INFO: Elapsed time: 1284.415s, Critical Path: 108.17s
INFO: 6623 processes: 3577 internal, 3046 local.
FAILED: Build did NOT complete successfully
make: *** [Makefile:26: /home/dave/.cache/xla/0.7.1/cache/build/xla_extension-aarch64-linux-gnu-cuda.tar.gz] Error 1

How can I pass the --verbose_failures flag as the XLA build suggests so that I can get more info? This build is triggered via mix test/compile, so not sure how I can pass args to a dependencies build.

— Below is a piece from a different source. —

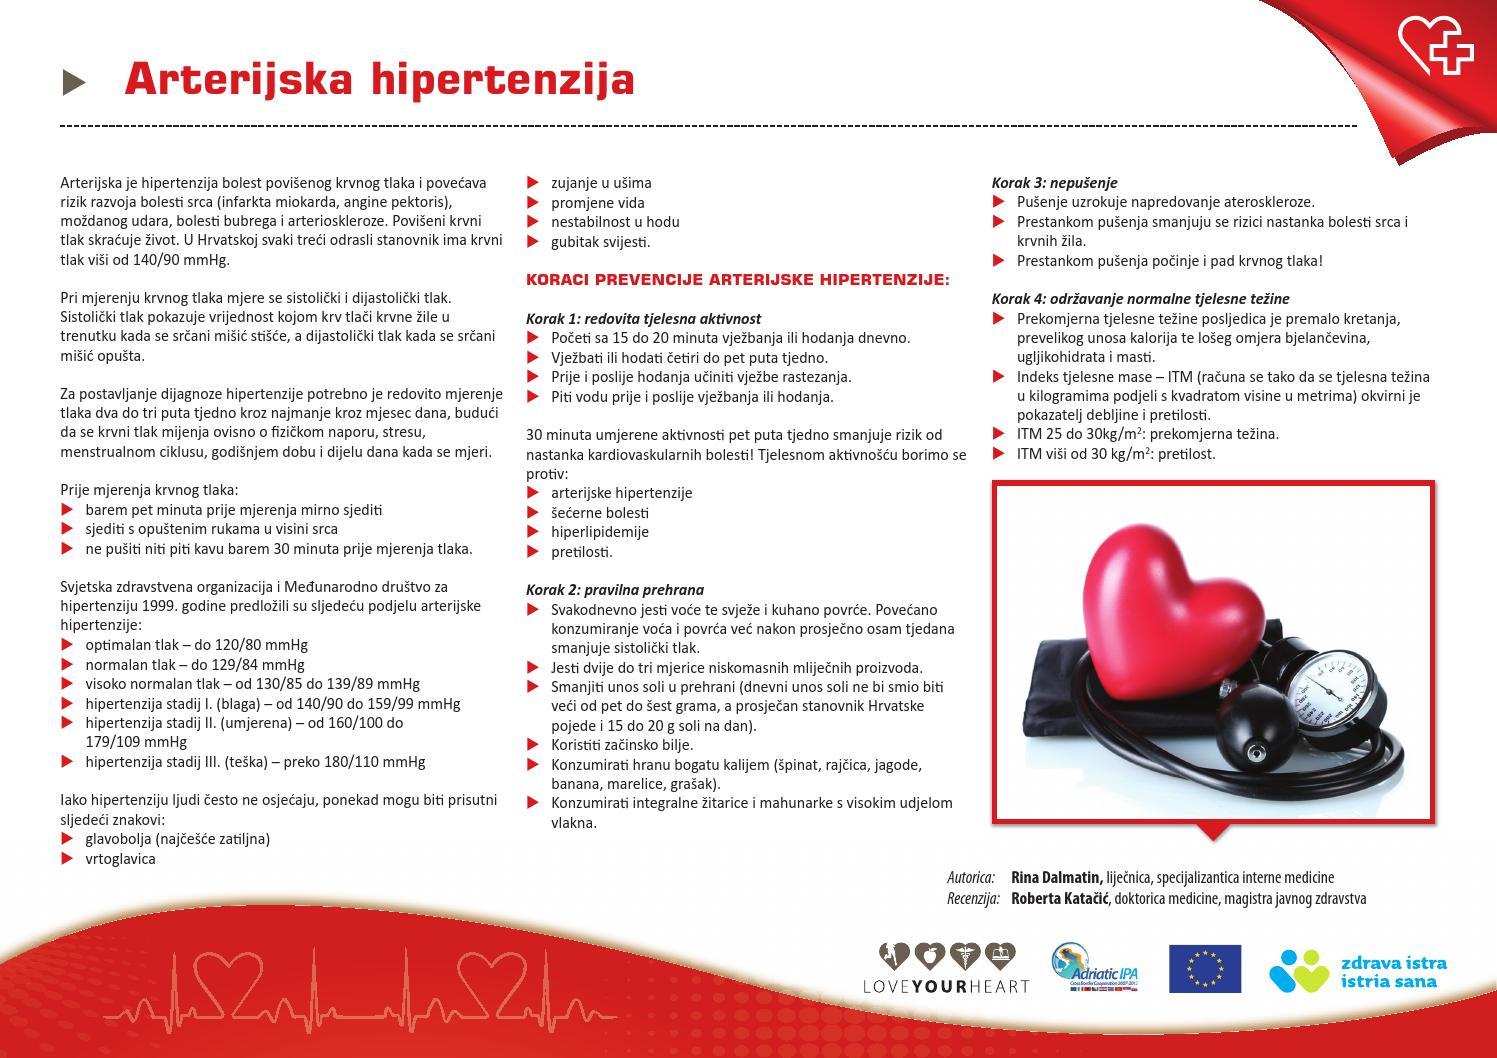 bezrazložna hipertenzija
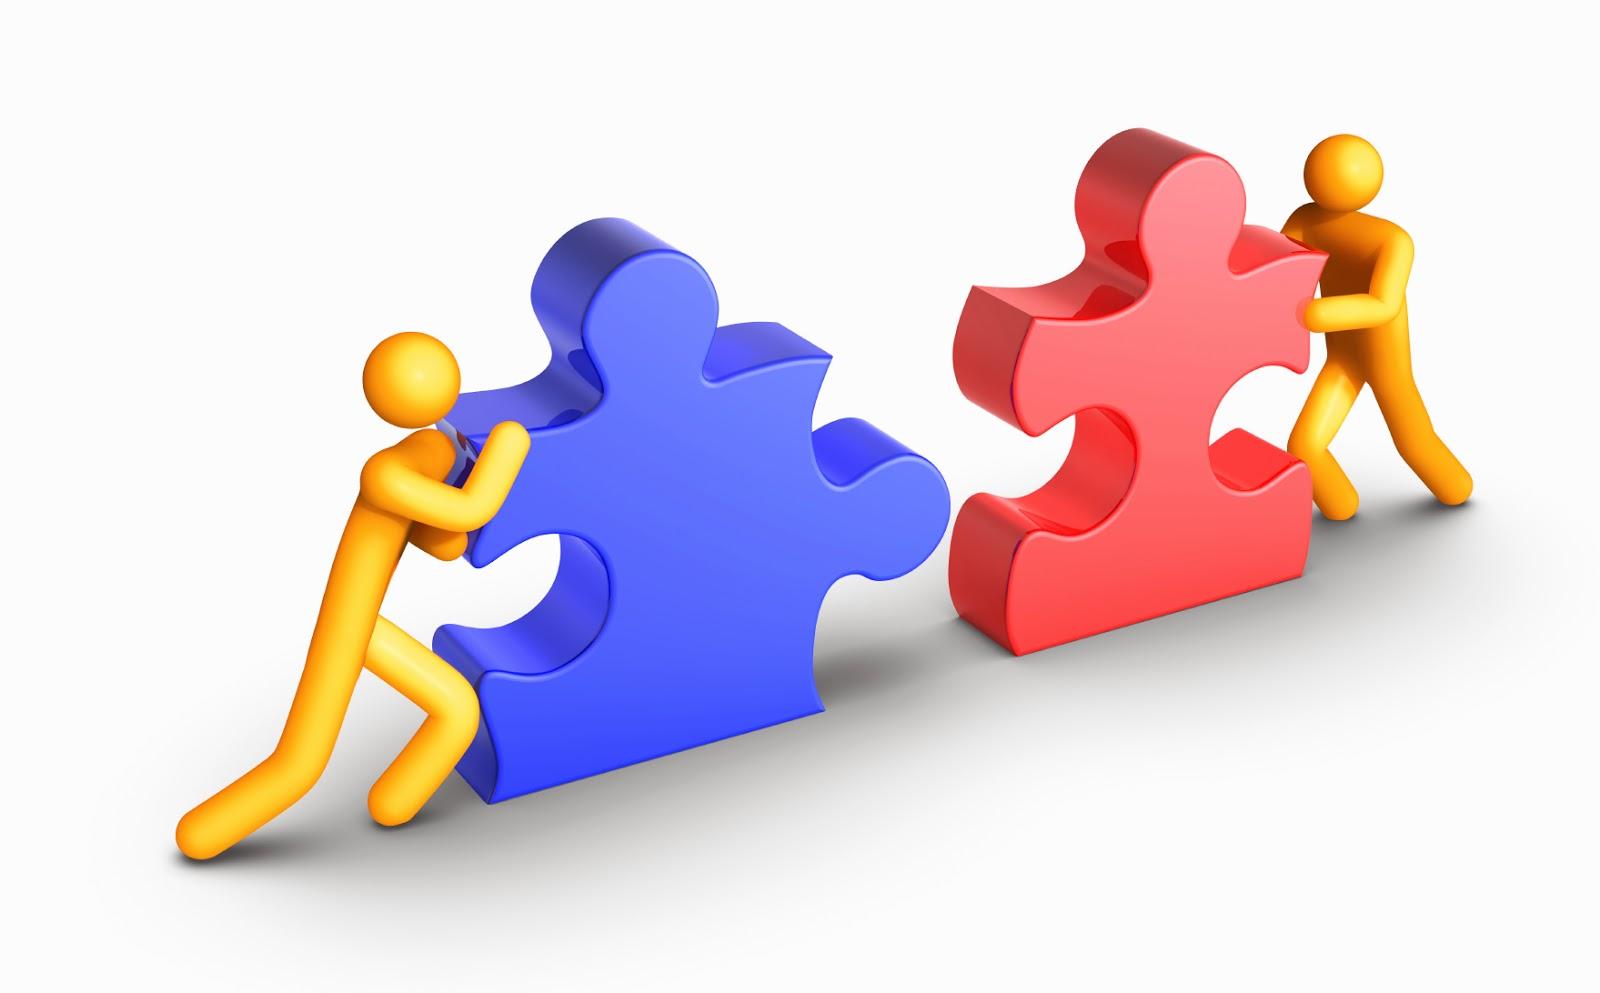 http://2.bp.blogspot.com/-Hjxwtb4Pqn8/Uw_cj5prHGI/AAAAAAAAAcI/JP8pzfa_39k/s1600/collaboration.jpg

BTW the docker build method uses cuda 10.2

Oh the images in the nx/exla repo hasn’t been updated, we actually no longer support cuda 10.2.

even though the cuda version the host is running is 11.8

FTR in case you run computation in a container, I believe the host cuda version doesn’t matter, the one in the container is used (i.e. the cuda/cudnn libraries).

Building (via mix test) on main branch now gives this error.

Actually, I’ve just realised that on nx/exla main we already bumped the requirement to CUDA 12 (to be more precise, the relevant packages is actually elixir-nx/xla). Is there a reason you can’t use CUDA 12? If so, you could try nx/exla 0.7.2 (the latest released version).